If mirrored furniture has brought out your party animal, kindling a passion for Art Deco in every guise, Divine Savages offers Deco Martini wallpaper whose design is based on the geometric forms, with a hidden Martini glass within the print (£150 per roll).

Some of your guests may not be too busy checking out their reflections on the doors of the mirrored cabinet to notice this subtle and witty detail in the wallpaper.

Savings of the week! water jugs… Up to 52% off 

The Sandvig hammered-glass jug from made.com is half-price at £22

The Sandvig hammered-glass jug from made.com is half-price at £22

Sitting outside on a sunny afternoon is already delightful.
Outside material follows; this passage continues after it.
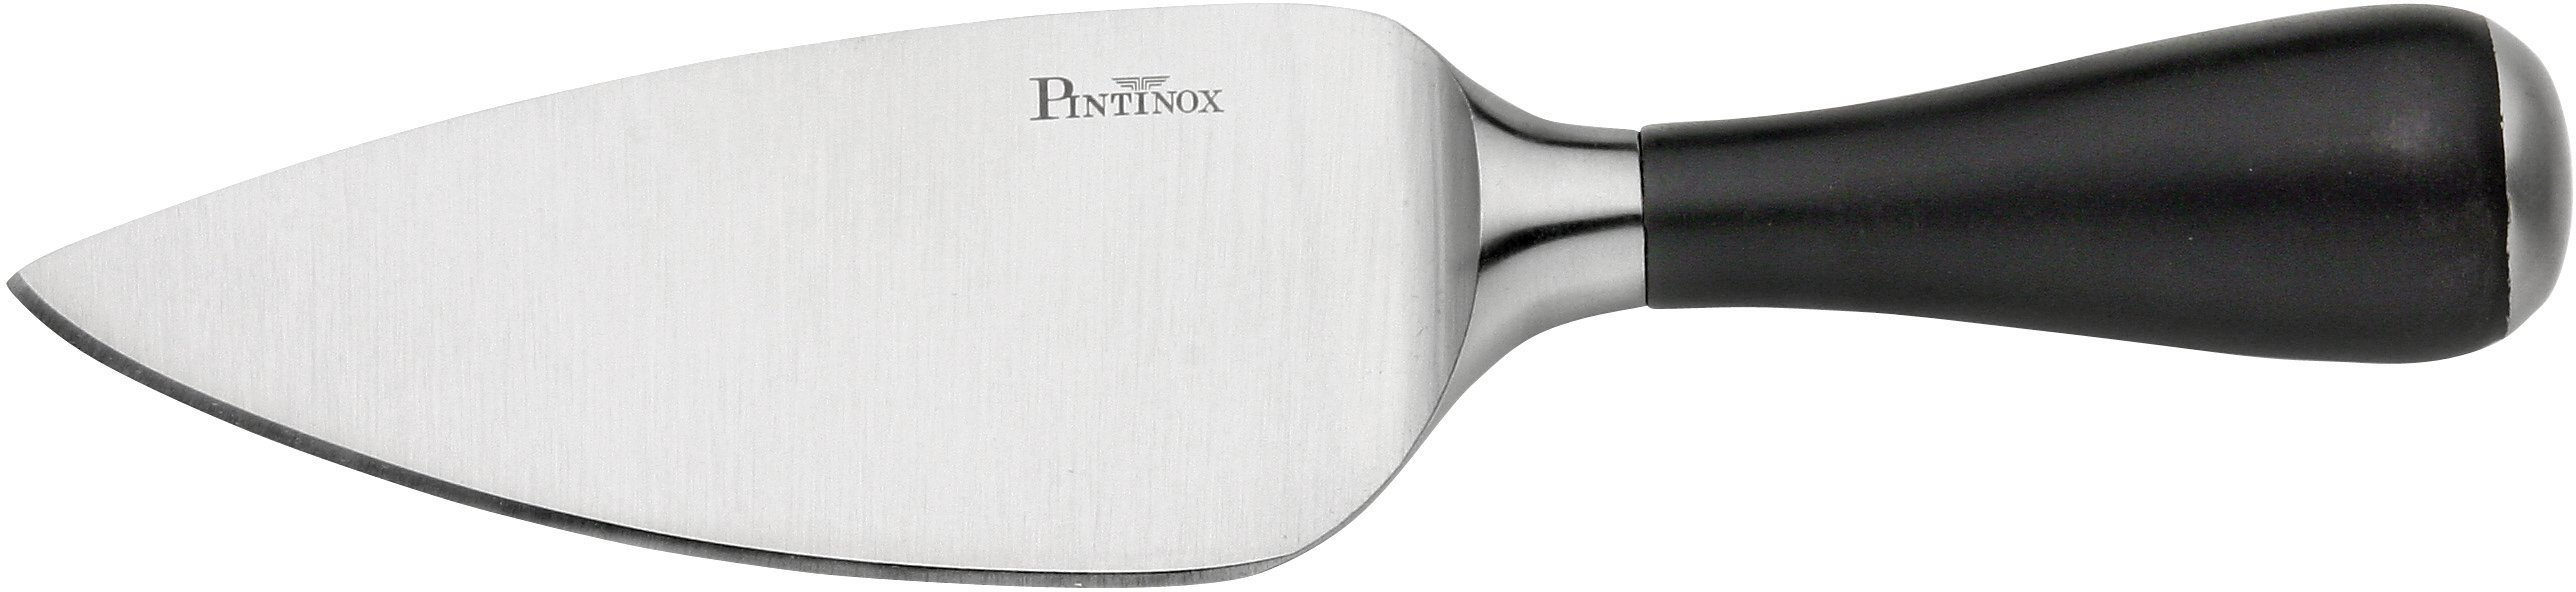 PINTINOX Allzweckmesser Coltelli Professional, Parmesankäsemesser und Edelstahl/Kunststoff Gemüsemesser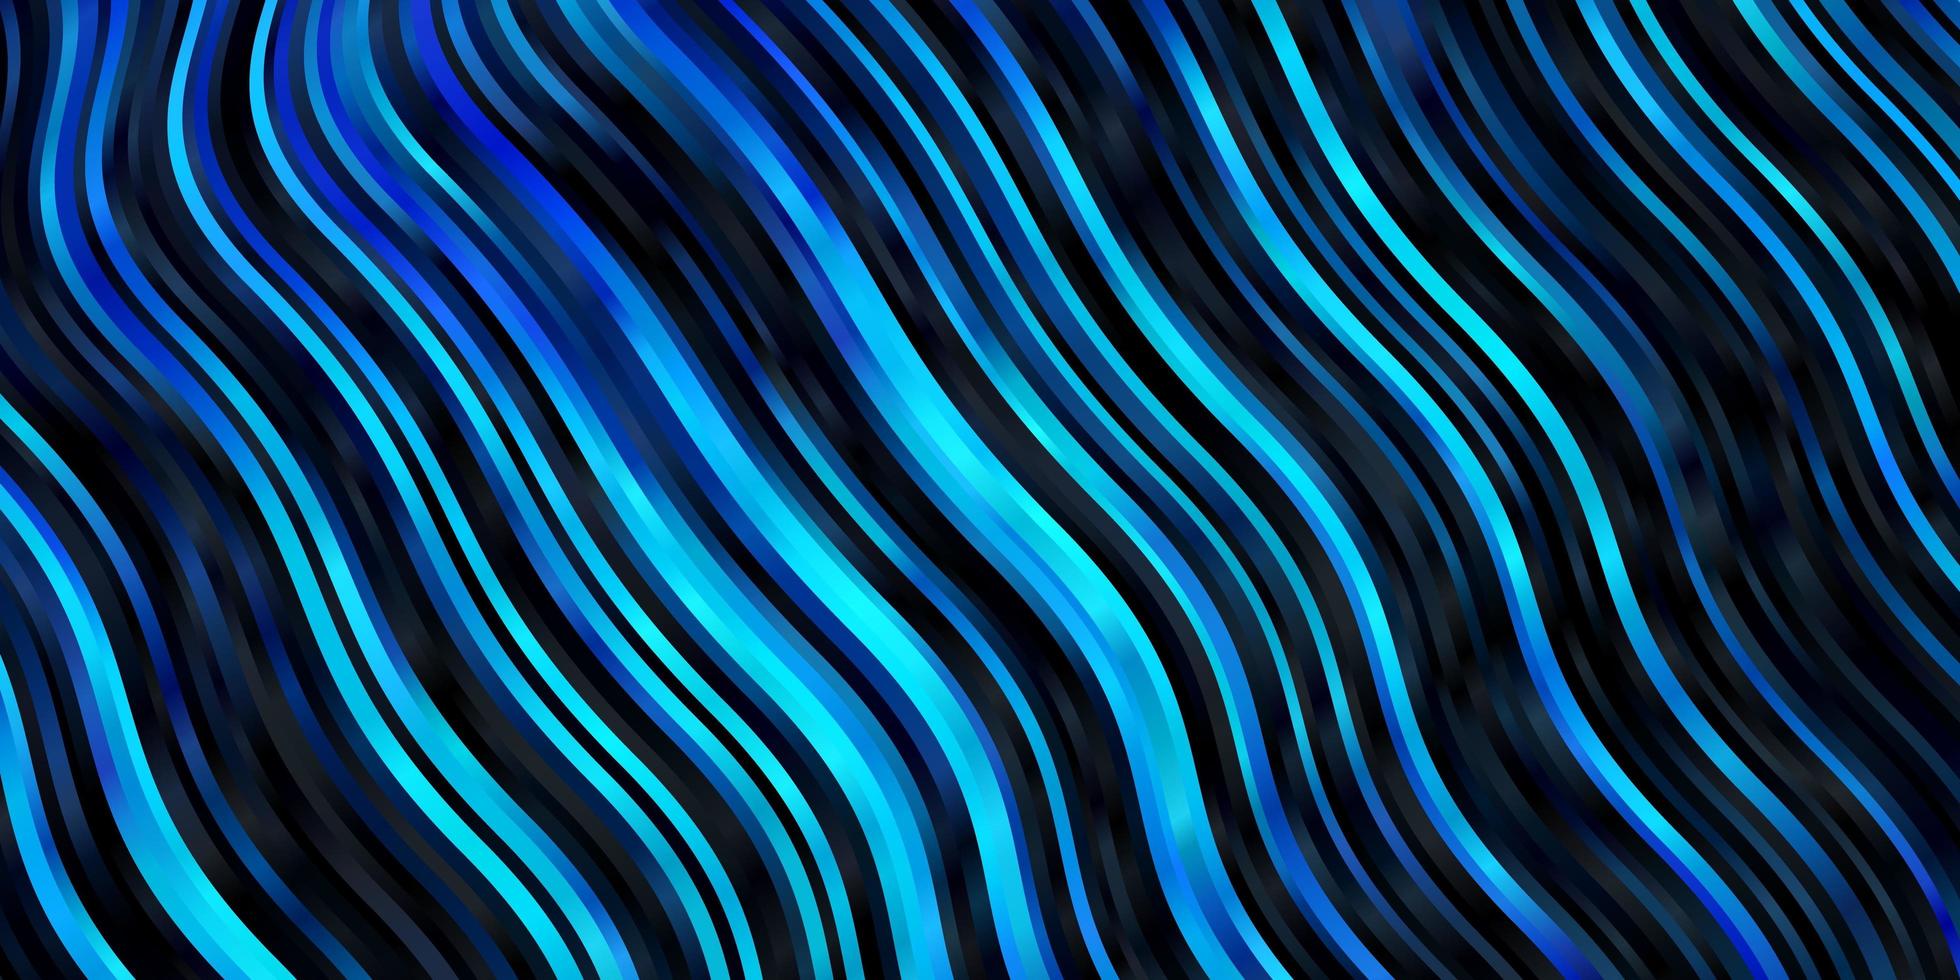 textura vector azul escuro com arco circular.

But it is even more enjoyable if you are sipping on a cool drink or an iced coffee from a generously sized jug, or maybe even a Pimm’s. The arrival of the July sales means bargains abound.

If you prioritise practicality, Ocado’s textured lustre plastic picnic jug has 33 per cent off at £8.

The price of the pleasingly geometric plastic smoky-grey Prism jug from Wayfair is 16 per cent off at £10.10. 

If you would like to feel as if you are in the south of France, John Lewis has the plain glass Arles wicker-wrapped jug. It is reduced from £25 to £12, down 52 per cent.

Wanting something more elegant that you can also use for flowers? The Sandvig hammered-glass jug from made.com is also half-price at £22.